By pumping climate-warming greenhouse gases like carbon dioxide into the atmosphere, humans have caused this imbalance, and “it is this imbalance that produces ‘global warming,’” the authors wrote.
WARMING OCEANS, MELTING ICE
Much of the heat gap is evident in warming ocean waters, melting polar ice and other signs of climate change, but half of it is nowhere to be found, Trenberth and Fasullo reported.
That doesn’t mean it’s gone. It could show itself as an abrupt El Nino pattern, where tropical Pacific waters warm up and influence weather in North and South America.

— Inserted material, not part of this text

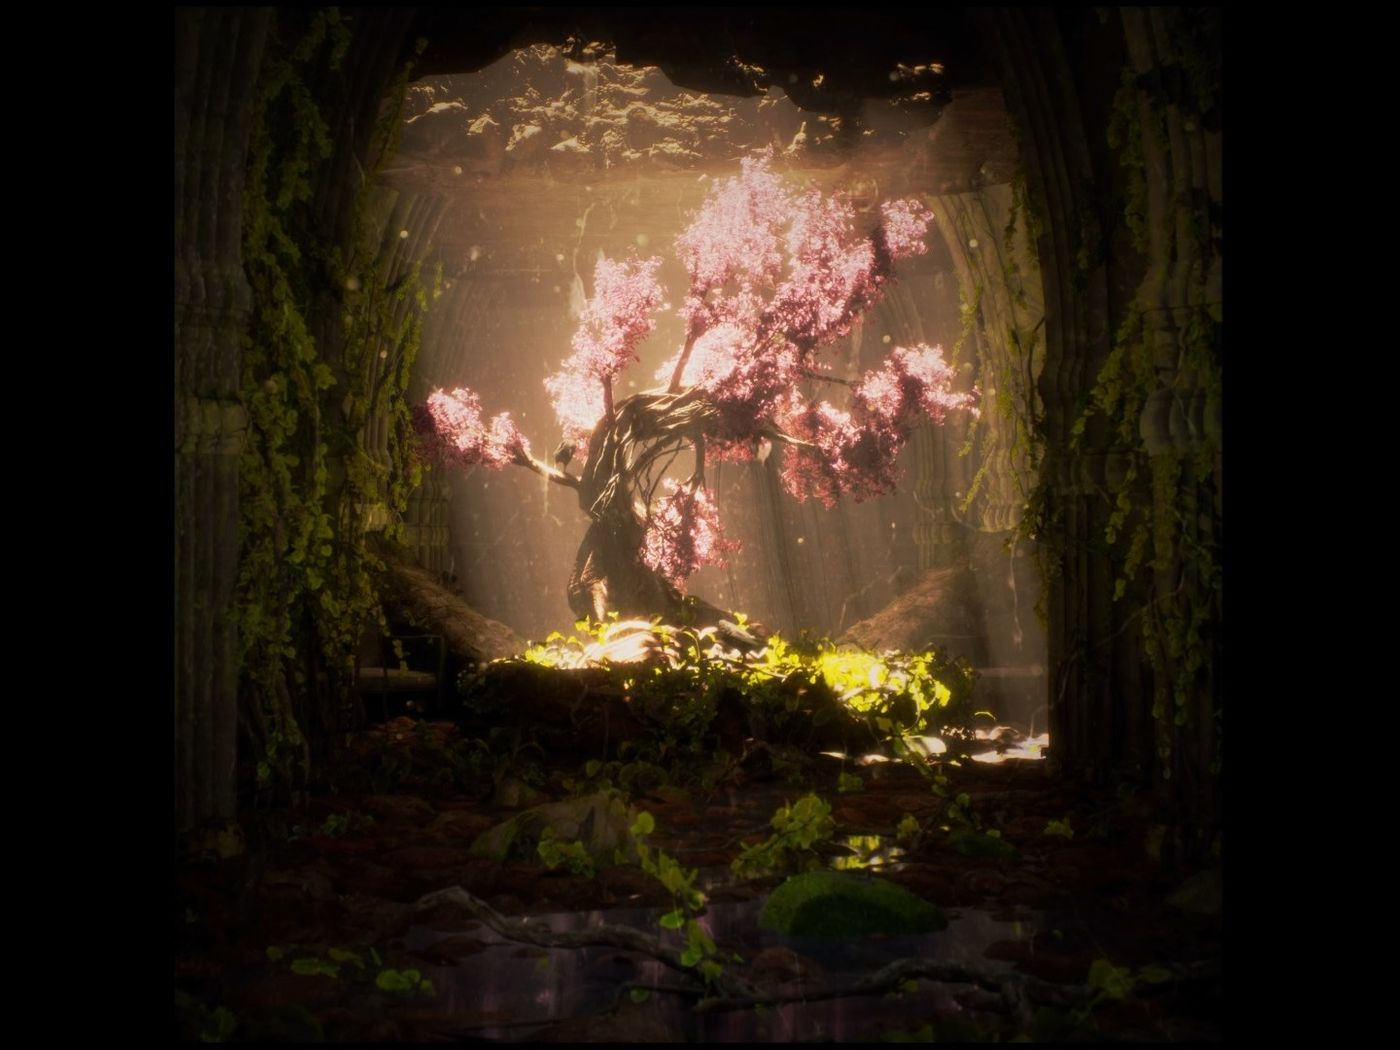 Environment Design Using Unreal Engine 4
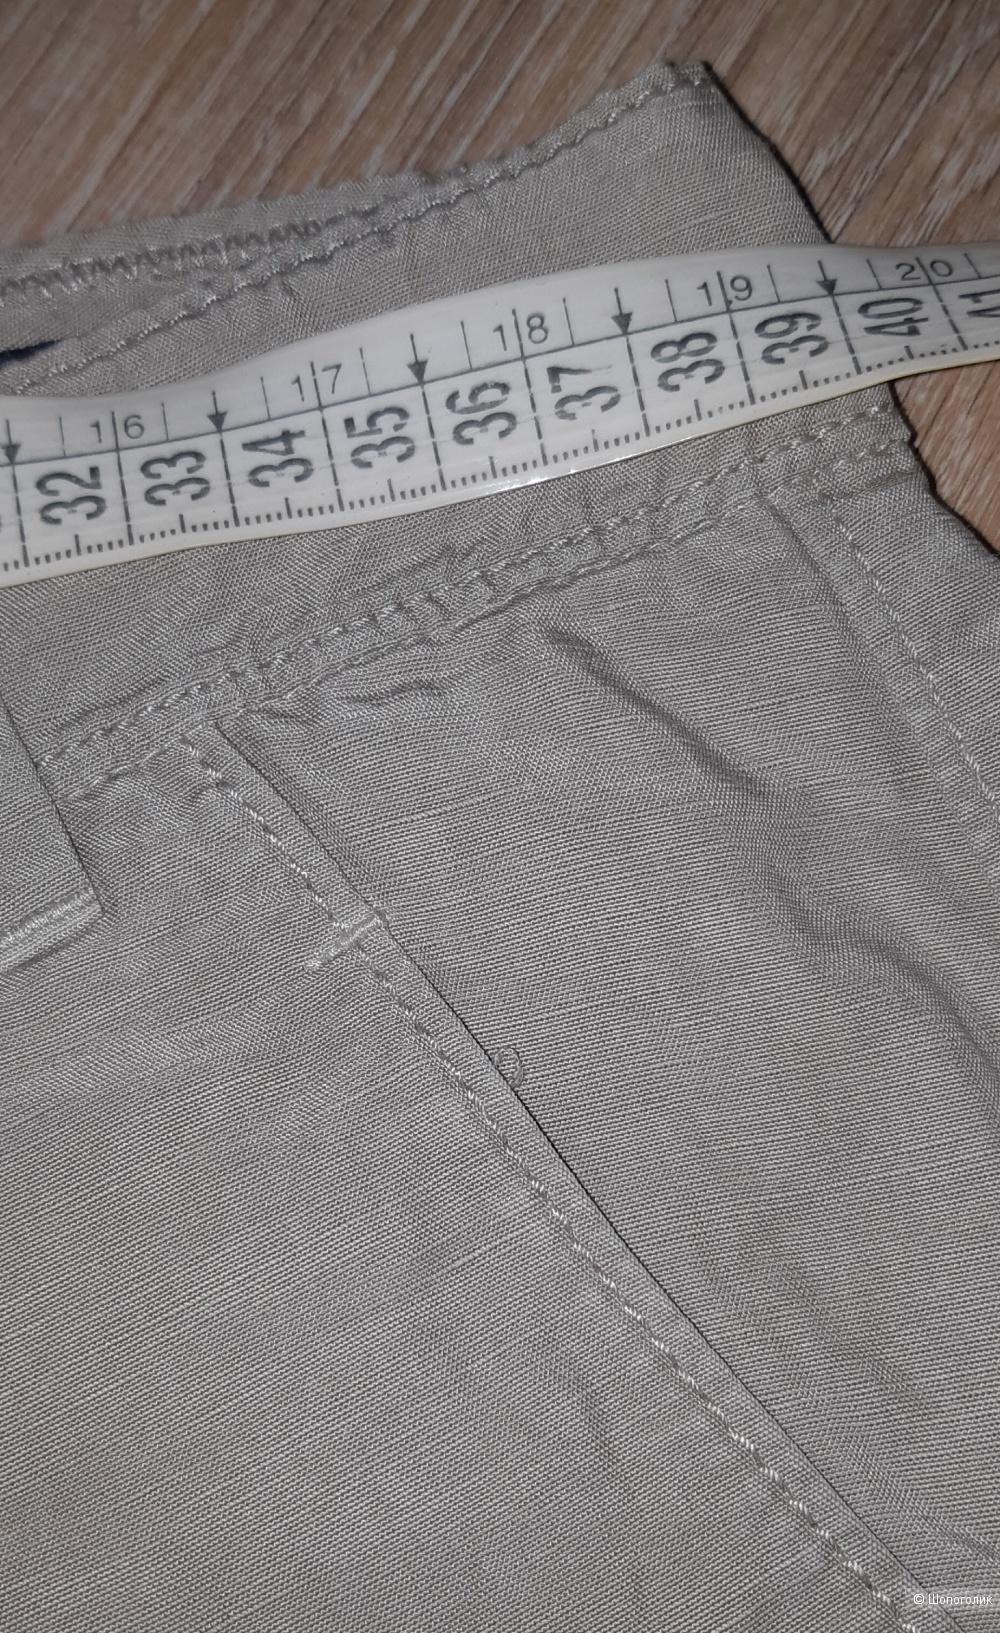 Сет шорты marc o'polo/блуза only, размер 42/44

“There is a wide range of possibilities for what may end up happening with the missing energy,” Fasullo wrote in an e-mail interview. “It is clear however that the system cannot sequester heat indefinitely without a surface temperature response.
“The potential impacts of such a response are likely to be as diverse as those associated with climate change, in my view,” he wrote.
These potential impacts of climate change include increased droughts, floods and wildfires, rising sea levels and more severe storms, the U.N. Intergovernmental Panel on Climate Change has reported.
Last year was one of the five warmest on record, and the decade from 2000-2009 was the warmest decade on record, according to the World Meteorological Organization, but Trenberth said there has recently been some stagnation in global surface temperatures, including some cold spells in Europe, Asia and the United States this past winter.
He said this stagnation was due to natural variability, while at the same time, sea levels have continued rising at the same rates as previously, while the melting of glacial and Arctic sea ice has picked up.